Muslims must tolerate free speech

This is an archived article that was published on sltrib.com in 2012, and information in the article may be outdated. It is provided only for personal research purposes and may not be reprinted.

By david burns

A few years ago, Salt Lake Tribune cartoonist Pat Bagley wrote: "What do you get when you mix a prophet, unflattering portrayals of said prophet and a furious debate regarding the responsible exercise of free speech?" Answer: "The birth of The Salt Lake Tribune." He was writing about 1871, and "said prophet" was Brigham Young.

Today, when you mix a prophet, unflattering portrayals of said prophet and a furious debate regarding the responsible exercise of free speech, you get YouTube.

The recent violence in more than two dozen Muslim countries over a low-rent YouTube video clip depicting the Prophet Mohammad as a sex-crazed buffoon has brought Muslims into the streets. Mormons spilled press type into the street when the gentiles blasphemed their prophet.

Those rioting in the Arab Spring states of Tunisia, Libya and Egypt can learn from the LDS experience.

In 1862, as part of a bid for statehood, Brigham Young ran as a candidate for governor of the Utah Territory, the only time he stood for election. Ten thousand votes were cast, and he received all 10,000.

Statehood would have to wait until 1896. But over time, the LDS faithful became yet another part of the American tapestry, and have learned to tolerate opposing views while still being inspired by the central place of faith.

This pattern was not new. Our founding settlers (Pilgrims, Separatists, Quakers and Puritans) came to the New World as dissenters from state religions in England and Holland. But almost immediately they imposed orthodoxy and no real separation between church and state.

It fell to Roger Williams and others in what would become Providence, R.I., to embrace open speech and protest. And as the colonies became united, free speech ideas spread, and later became enshrined in the First Amendment of the Constitution.

A key to the spread of free speech values, including in the Utah Territory, was integration into a broader context, in this instance, the emerging United States. As Americans became more entangled, they demanded more freedoms, in part to pursue the economic benefits of pluralism.

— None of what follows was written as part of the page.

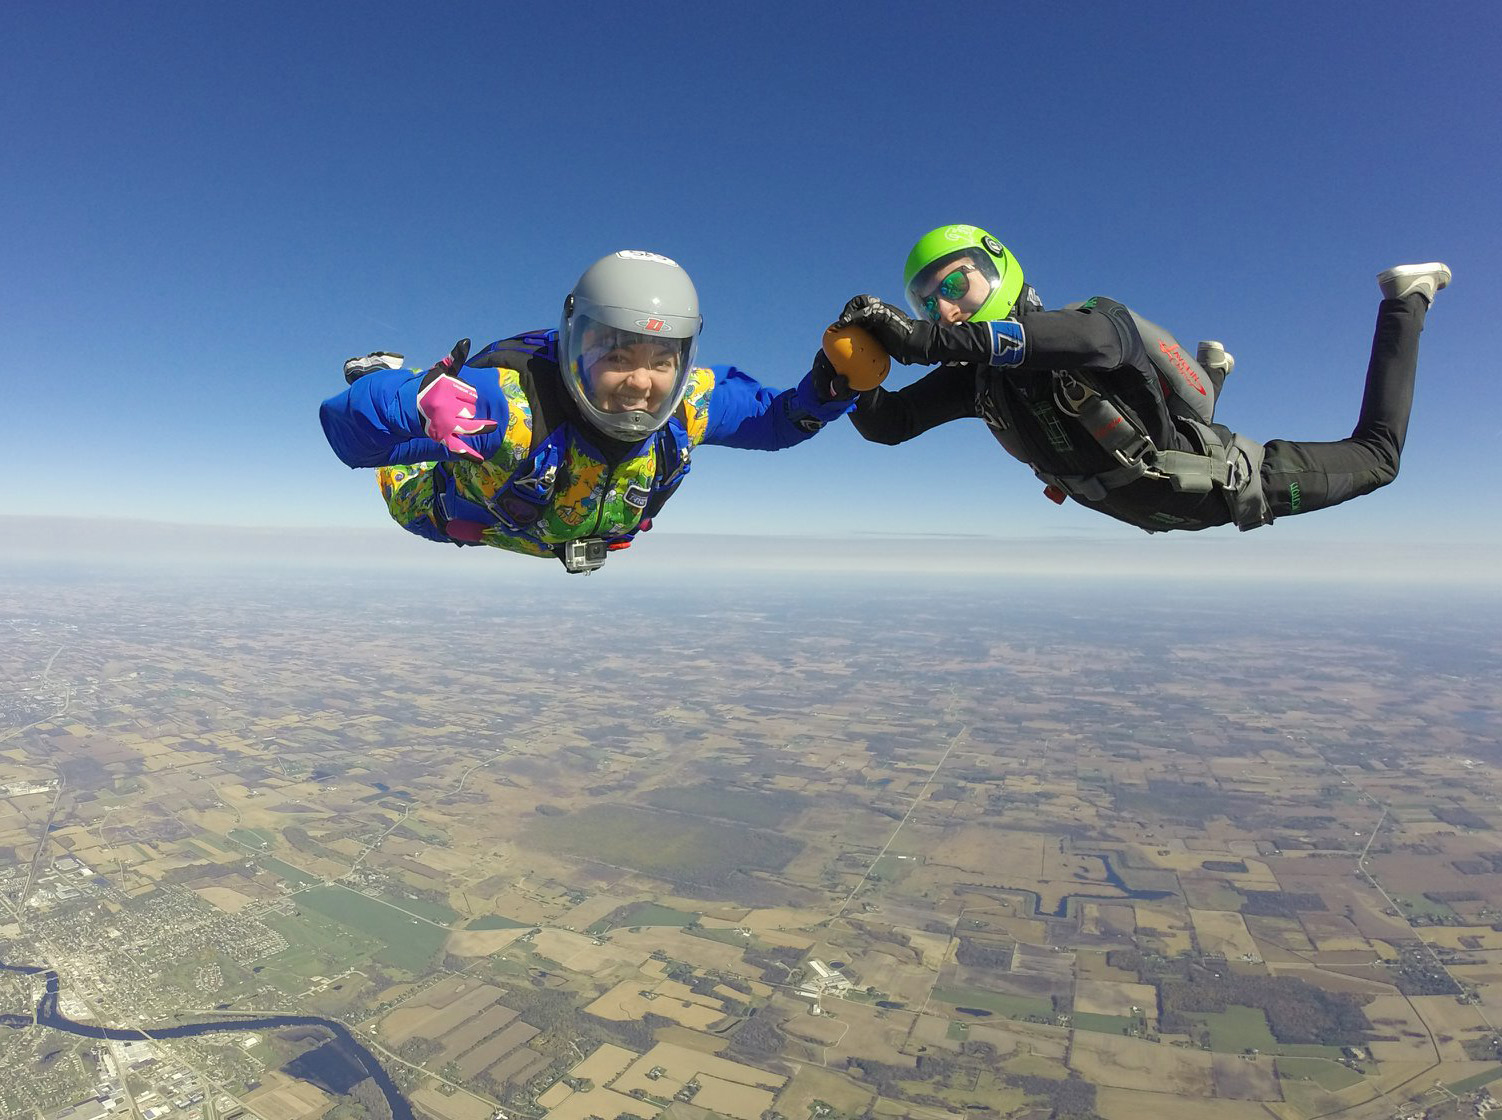 Accelerated Freefall (AFF) training to skydiving solo at Wisconsin Skydiving Center near Milwaukee

Which brings us to the unfolding events in the Muslim world. The Muslim Brotherhood in Egypt and Ennahda in Tunisia — the emergent Islamic parties in the Arab Spring states — cannot place Islam at the center of political life and at the same time declare their religion (depictions of the Prophet Mohammad) off-limits to parody.

Whereas religion claims a monopoly on truth, politics is about give and take. Islamic republics don't work. Exhibit A: Iran. Instead, the Arab Spring countries must embrace a modern pluralism, much like Turkey has, that includes relatively free expression and some separation of church and state.

Americans should support pluralism in the Muslim world. We believe the only cure for bad speech is more speech, and not violence. This means we should rightfully condemn the content of the YouTube video as valueless expression, and equally condemn the murderous violence that followed.

We stand as an example of the huge benefits to be derived from being a free and open society.

What we shouldn't do is compromise our own values. Certain Muslims should be challenged on their belief that the Prophet Mohammad cannot be depicted under any circumstances, and certainly on the belief of Salafis that such depictions warrant violence. And Google should not have censored the video in certain Muslim countries.

Early American settlers and pioneer Mormons, groups founded on religious principles, learned to tolerate free speech on the road to modernism; 21st Century Muslims must do the same.

David Burns is a resident of Salt Lake City. He has degrees in history and law.